------ Data provided

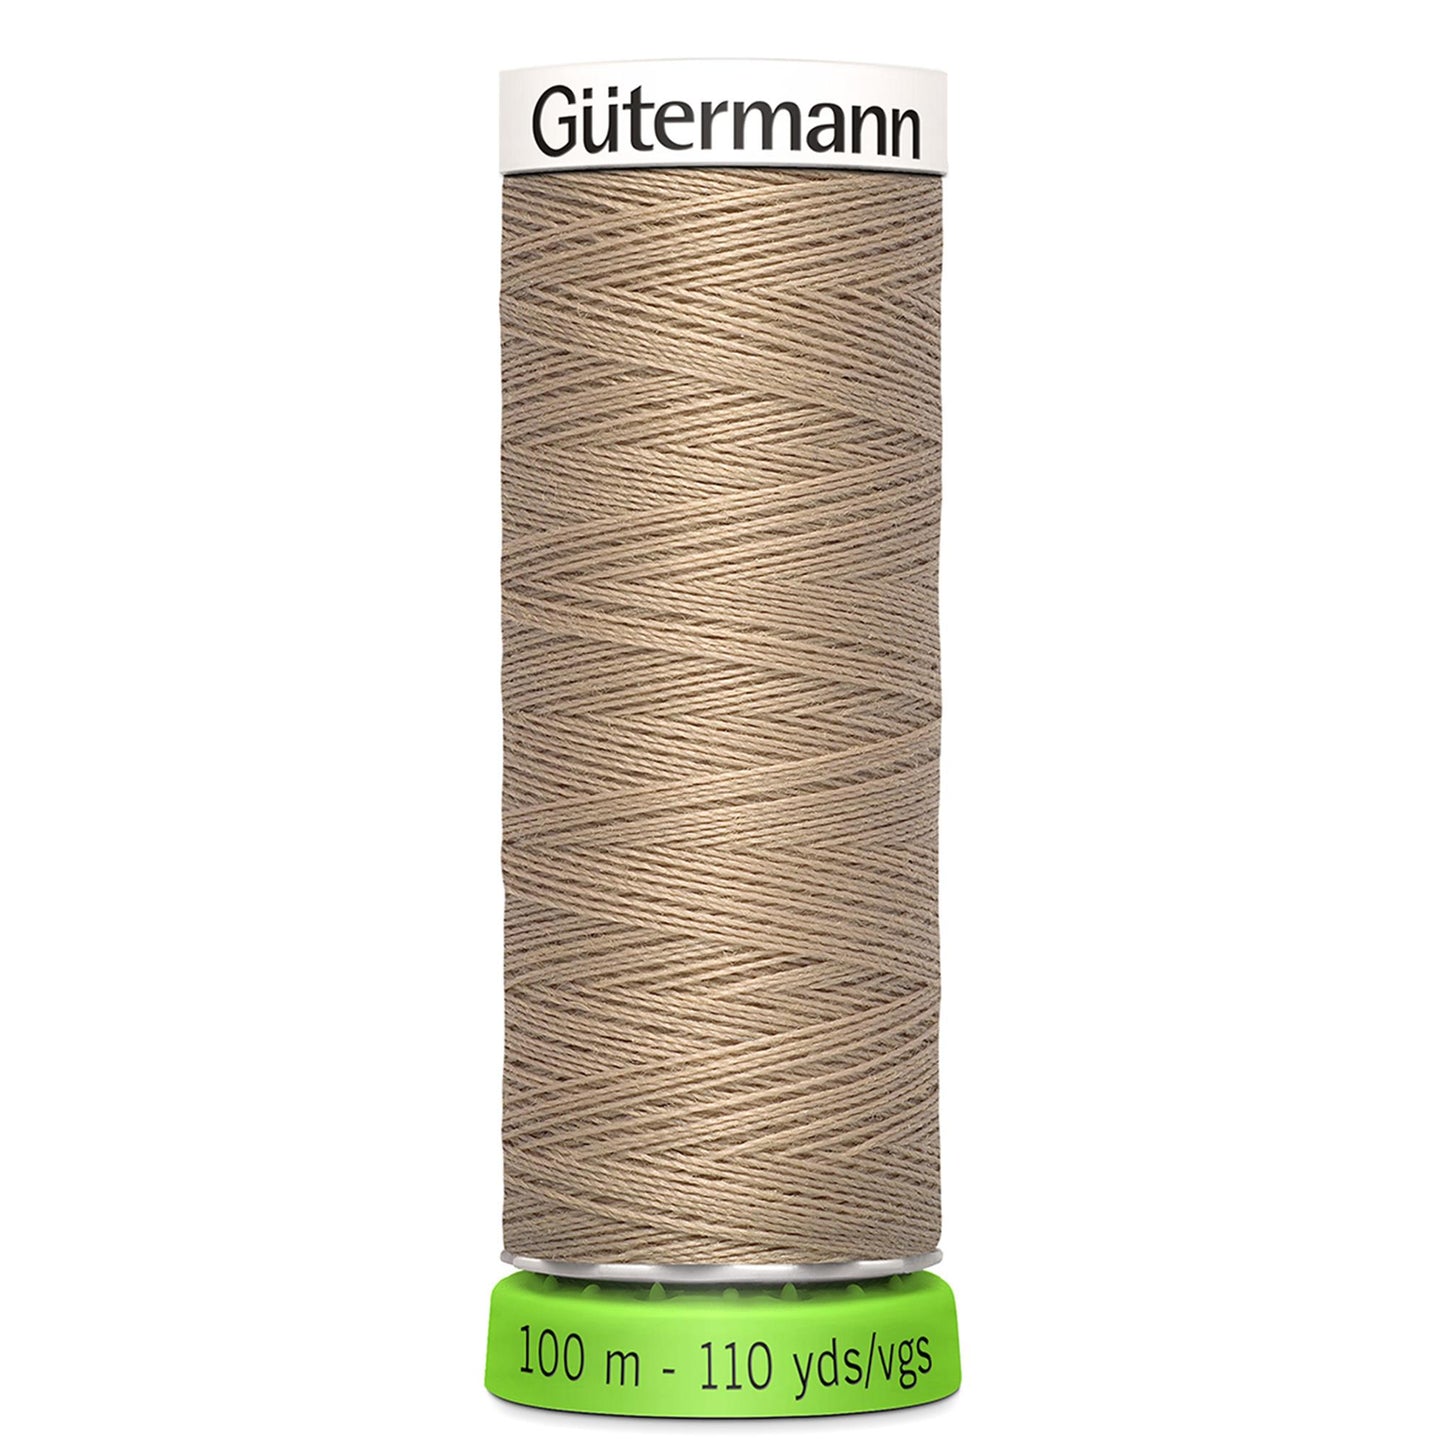 Gütermann rPet (100% Recycled) Sew-All Thread 100m - Col. 215 - Putty
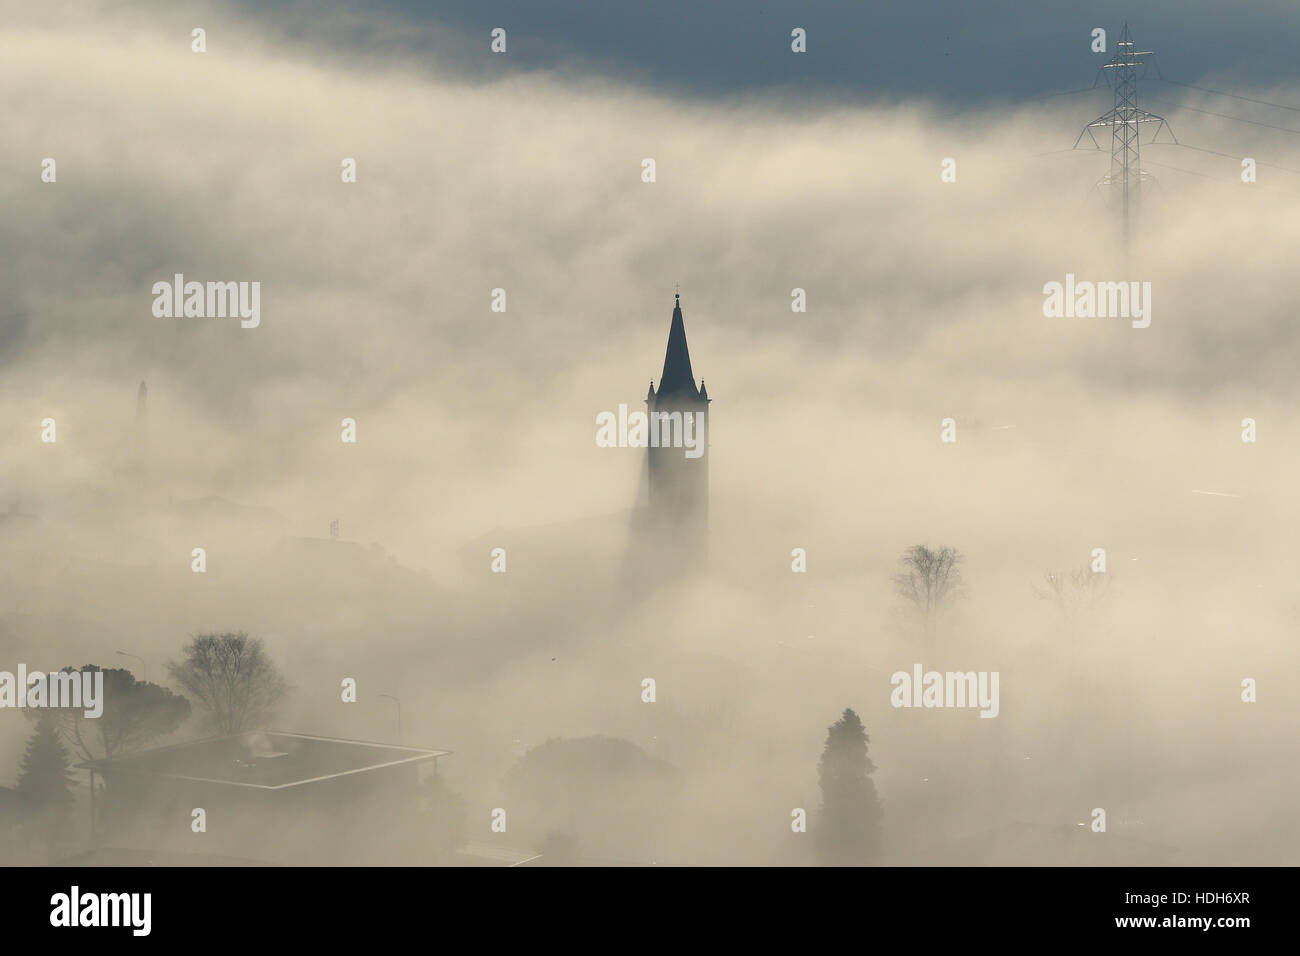 Aerial view of power lines, pylons and church steeple peeking out of winter fog Stock Photo
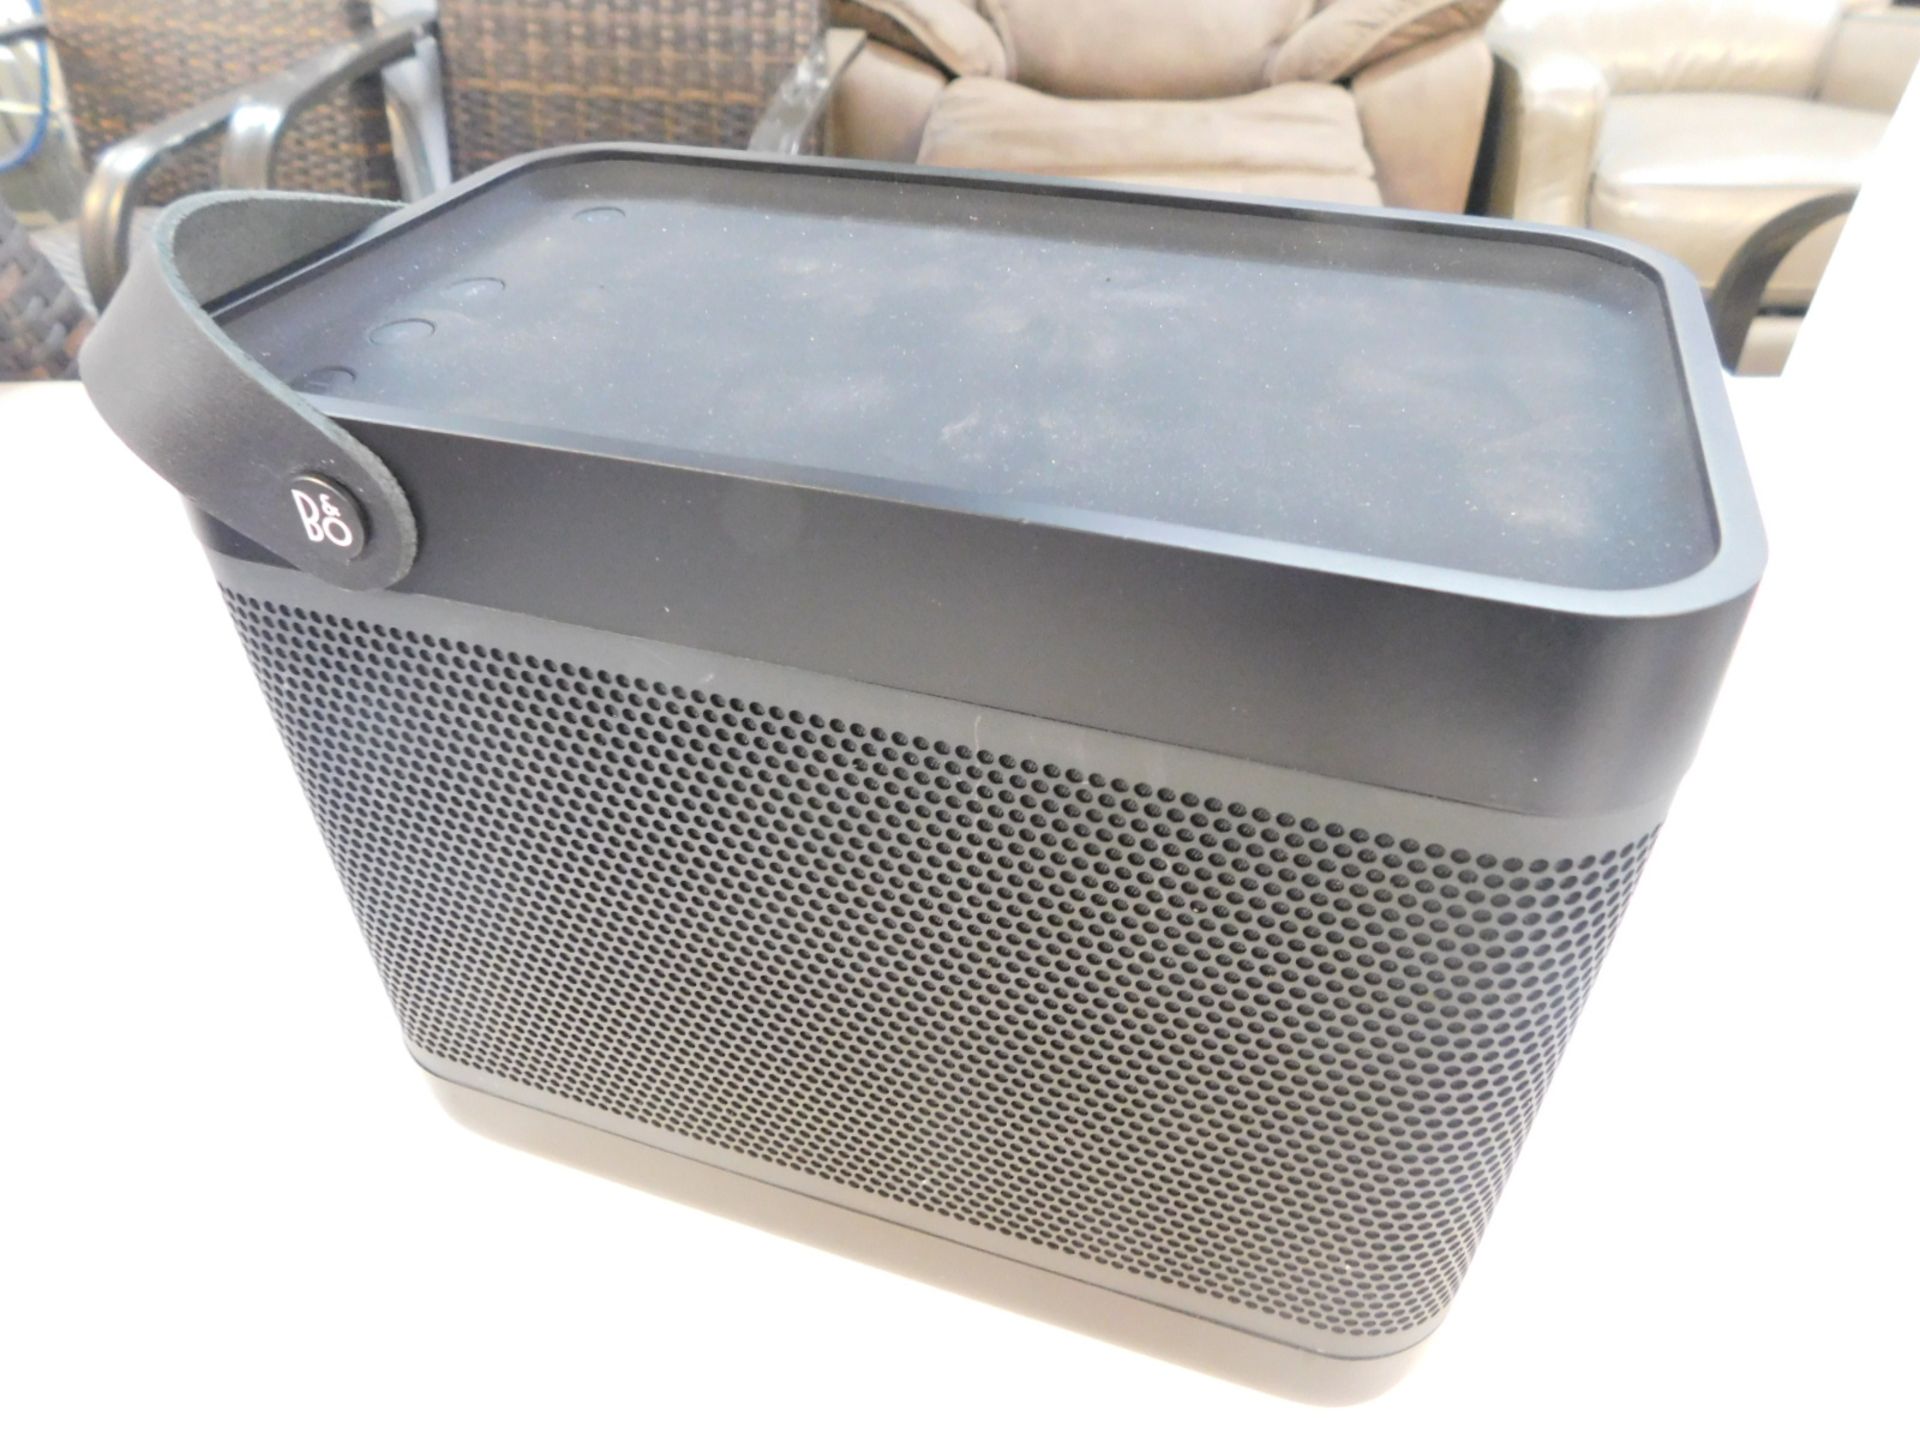 1 BANG AND OLUFSEN BEOLIT15 BLUETOOTH SPEAKER IN BLACK RRP £449

------------

▸ **Directions for this task**:
Without any pictures, repeat the listing exactly.

▸ **Solution**:
 Gütermann rPet (100% Recycled) Sew-All Thread 100m - Col. 215 - Putty
 Aerial view of power lines, pylons and church steeple peeking out of winter fog Stock Photo
 1 BANG AND OLUFSEN BEOLIT15 BLUETOOTH SPEAKER IN BLACK RRP £449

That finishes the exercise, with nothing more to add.